Implementation of "Conditional Score Guidance for Text-Driven Image-to-Image Translation".
Open demo.ipynb
in Google Colab.
You can generate an image using Stable Diffusion and edit it with CSG. Note that posterior_guidance
is a hyperparameter related to guidance scale.

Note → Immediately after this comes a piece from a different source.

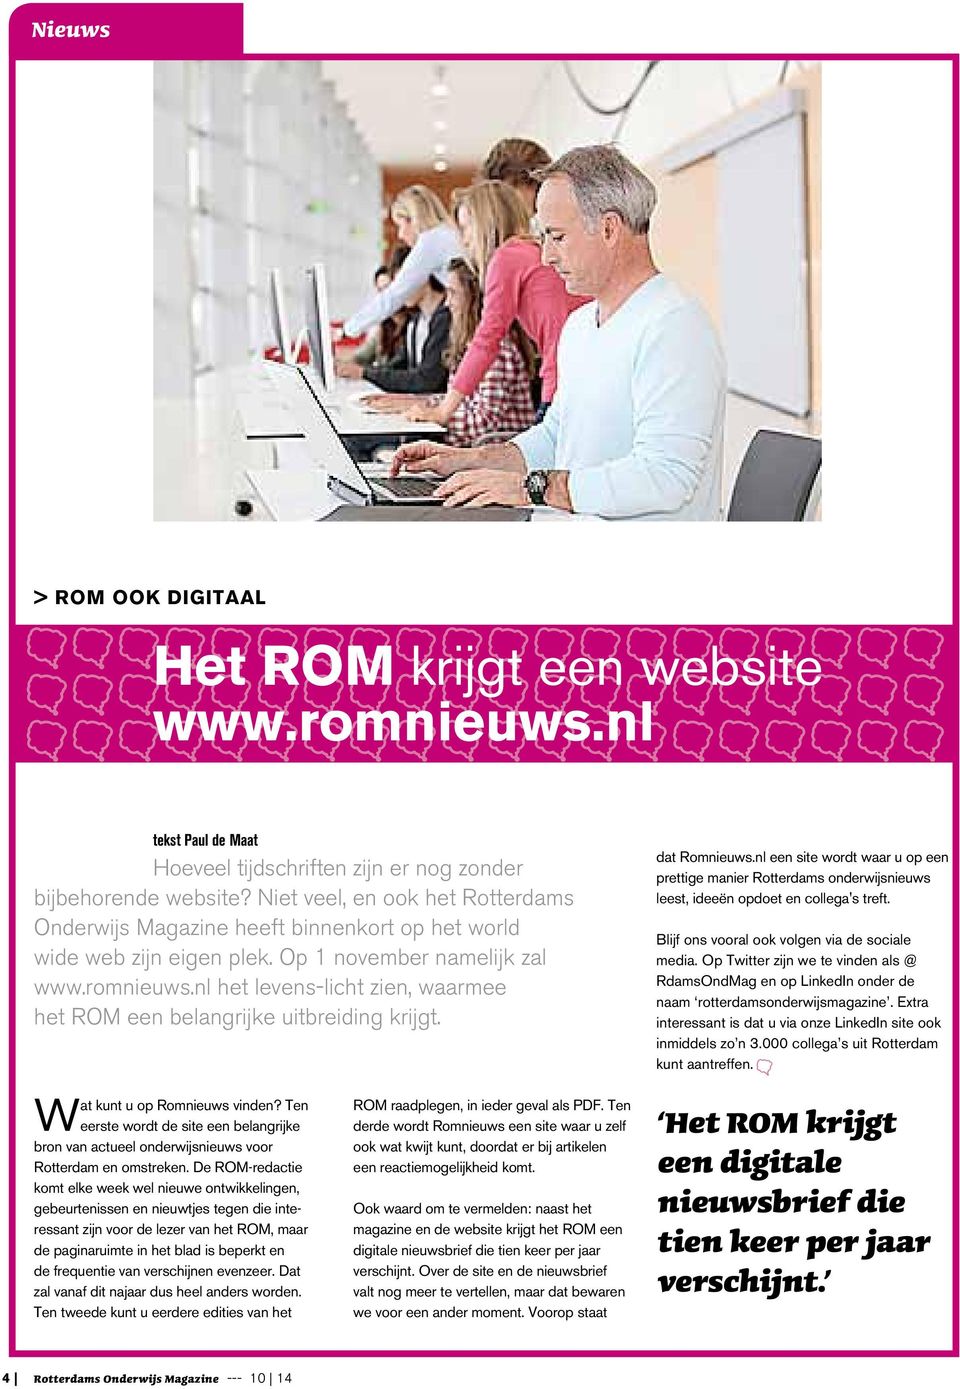 Niet veel, en ook het Rotterdams Onderwijs Magazine heeft binnenkort op het world wide web zijn eigen plek. Op 1 november namelijk zal www.romnieuws.

python src/edit_synthetic_images.py \
--results_folder "output/synth_edit" \
--prompt_str "a high resolution painting of a cat eating a hamburger" \
--task "cat2squirrel" \
--random_seed 0 \
--mask_res 16 --posterior_guidance <GUIDANCE_SCALE>
Synthesized and edited images are saved in output/synth_edit
directory.
You can edit a real image with CSG. First, do the DDIM inversion using the command :
python src/inversion.py \
--input_image "data/cat.png" \
--results_folder "output/test_cat"
Then, perform image editing.
python src/edit_real_images.py \
--inversion "output/test_cat/inversion/cat.pt" \
--prompt "output/test_cat/prompt/cat.txt" \
--task_name "cat2dog" \
--results_folder "output/test_cat/" \
--mask_res 16 --posterior_guidance <GUIDANCE_SCALE>
After all, files at directory output/test_cat
are like this:
output/test_cat
├── inversion
│ ├── cat.pt
│ └── ...
├── prompt
│ ├── cat.txt
│ └── ...
├── edit
│ ├── cat.png
│ └── ...
├── mask_no_attn
│ ├── cat.png
│ └── ...
├── mask
│ ├── cat.png
│ └── ...
└── reconstruction
├── cat.png
└── ...
Reconstructed image from DDIM inversion is saved in reconstruction/
, and edited image is in edit/
directory. You can also check the content mask in mask_no_attn/
and smoothed content mask in mask/
.
You can save and visualize cross-attention maps using synthetic images. Firstly, run save_attention_synth.py
to save the cross-attention maps:
python src/save_attention_synth.py \
--results_folder "output/synth_edit" \
--prompt_str "a high resolution painting of a cat eating a hamburger" \
--task "cat2squirrel" \
--random_seed 0 \
--mask_res 16 --posterior_guidance <GUIDANCE_SCALE> \
--save_path "attention_map"
Then, run visualize_attention.py
to visualize the saved cross-attention map:
python src/visualize_attention.py --save_path "attention_map"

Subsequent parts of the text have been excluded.